Jan. 12 (Bloomberg) -- Italian and Spanish bonds rose after borrowing costs for the two nations declined at auctions today and European Central Bank President Mario Draghi said there were signs of stabilization in economic activity.
Italy’s two-year yields fell to the lowest since September as the nation sold 12-month bills at a yield of 2.735 percent, down from 5.952 percent at the previous auction. Spanish two- year rates fell to the least since March after the nation raised 9.98 billion euros ($12.7 billion) from a note auction, twice the maximum target. German 10-year bunds pared losses after a U.S. report showed retail sales rose less than economists forecast, boosting safety demand.
“The carry trade, with banks borrowing from the ECB and then investing in short-term government notes, will continue to be supportive for Spanish and Italian” debt, said Alessandro Giansanti, an Amsterdam-based senior rates strategist at ING Groep NV.
Italy’s two-year yields tumbled 46 basis points, or 0.46 percentage point, to 4.26 percent at 5 p.m. London time after sliding to 3.98 percent, the lowest since Sept. 9. The 2.25 percent note due November 2013 climbed 0.745, or 7.45 euros per 1,000-euro face amount, to 96.65. The 10-year yield dropped 35 basis points to 6.63 percent.
Spain’s two-year yield fell 13 basis points to 2.96 percent after slipping to 2.84 percent, the least since March 18.
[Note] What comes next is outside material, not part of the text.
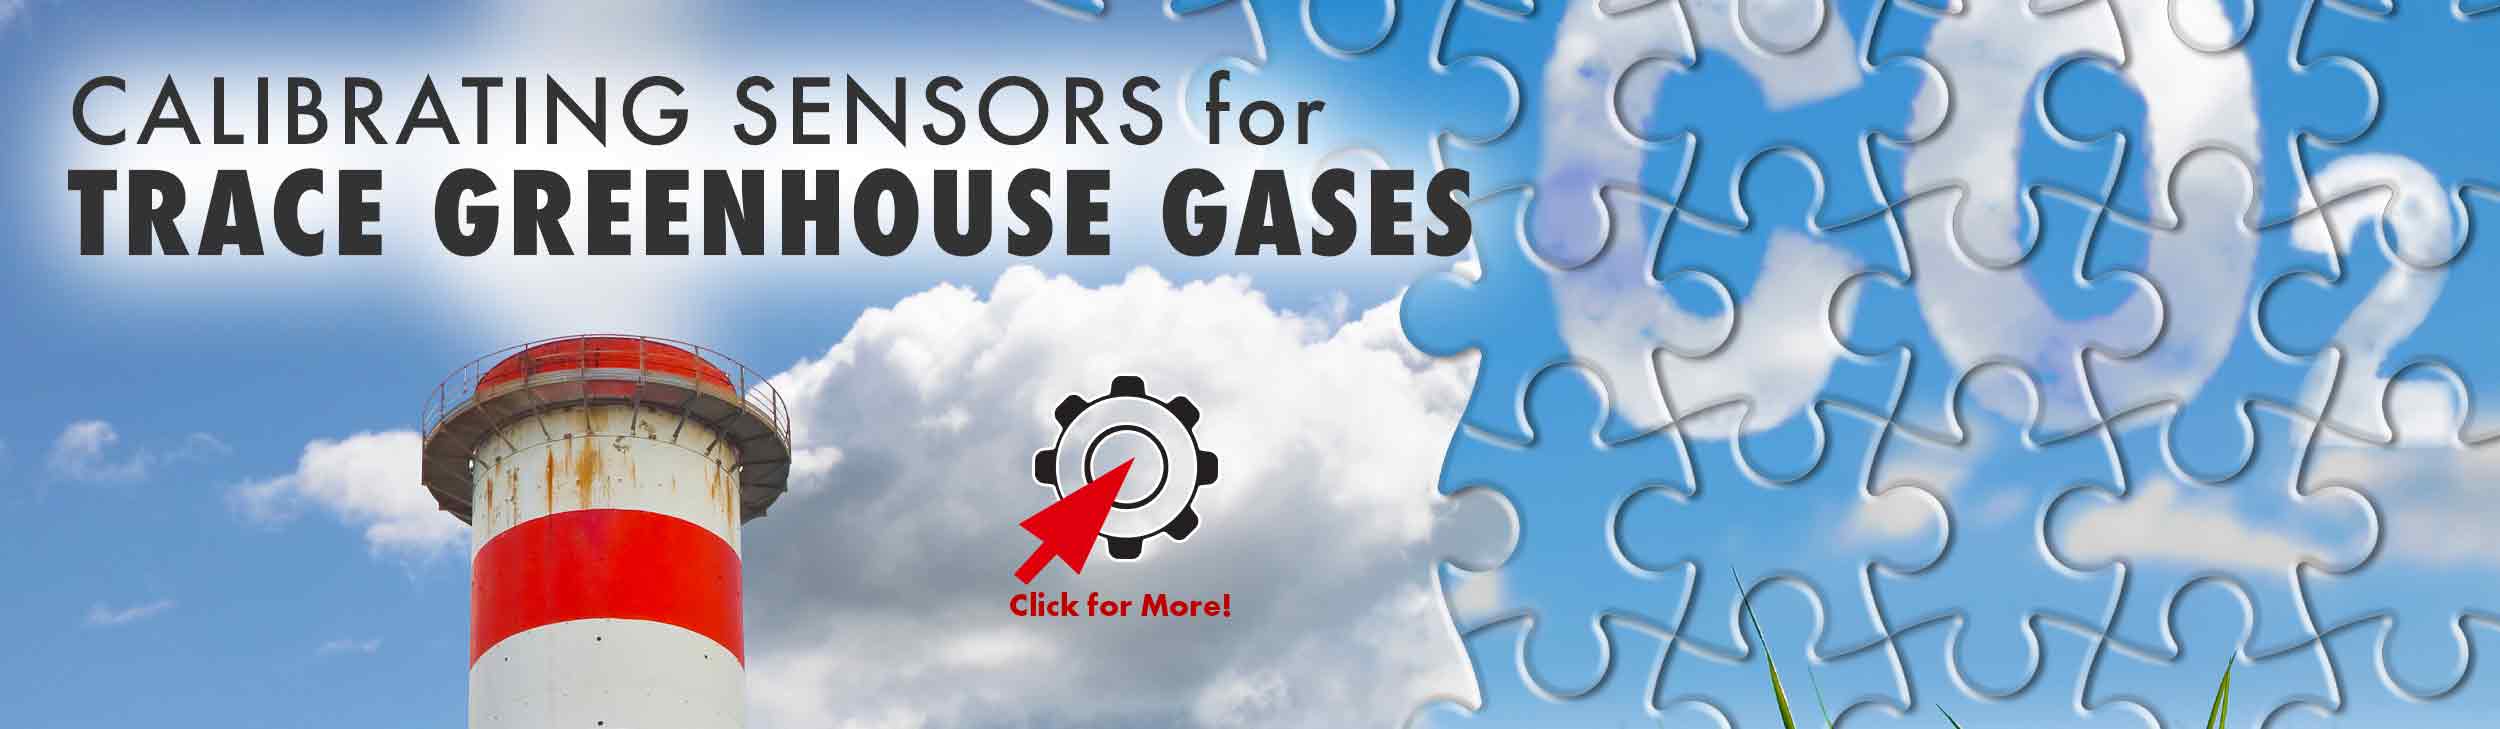 Calibrating Sensors for Greenhouse gases

Italy’s Treasury, which raised 12 billion euros from today’s sales, will auction debt due in 2014 and 2018 tomorrow. Spain sold a new benchmark three-year note at an average yield of 3.384 percent today, down from 5.187 percent at the previous offering on Dec. 1.
“The auction was very strong, a good start to the year for Spain,” said Annalisa Piazza, a fixed-income analyst at Newedge Group in London. “People are starting to believe that something can be sorted out with the debt crisis. For the moment at least they are trying to make some money out of it.”
The gain in Italy’s 10-year bonds narrowed the yield gap over German securities by 37 basis points to 480 basis points. The Spanish-German yield spread narrowed 21 basis points to 330 basis points.
Germany’s two-year yield rose two basis points to 0.16 percent after dropping to match its record low of 0.134 percent. The rate on benchmark 10-year bunds advanced two basis points to 1.84 percent.
ECB President Mario Draghi said there were signs of stabilization in the economy, even as there remain “substantial downside risks” to the growth outlook.
U.S. retail sales rose 0.1 percent in December after a 0.4 percent advance in November that was more than initially reported, the Commerce Department said today. Economists forecast a 0.3 percent increase in December, according to a Bloomberg News survey. Jobless claims climbed by 24,000 to 399,000 in the week ended Jan. 7, the Labor Department said.
German debt has handed investors a 0.1 percent return this year, after gaining 9.7 percent in 2011, according to indexes compiled by Bloomberg and the European Federation of Financial Analysts Societies. Italian bonds have lost 0.1 percent, and Spanish debt fell 0.9 percent.
French two-year note yields dropped to the lowest since May 2010 after David Riley, head of the sovereign-debt unit at Fitch Ratings, said the nation is “not a crisis country.”
Consumer prices in France rose 2.7 percent in December from a year earlier, based on European Union methodology, matching the rate in November. Economists in a Bloomberg survey had forecast a 2.5 percent increase.
The French two-year yield dropped 12 basis points to 0.67 percent, after dropping to 0.614 percent. The 10-year yield fell 12 basis points to 3.04 percent.
Greek two-year notes declined after the Institute of International Finance said time to reach an agreement on the nation’s debt swap is “running short.”
Charles Dallara and Jean Lemierre, co-chairs of the steering committee of the private creditor-investor committee for Greece, met today in Athens with Prime Minister Lucas Papademos and Finance Minister Evangelos Venizelos to discuss the voluntary private-sector involvement, the IIF said in an e- mailed statement.
The Greek two-year yield climbed 3.26 percentage points to 170.15 percent, with the price at 22 percent of face value.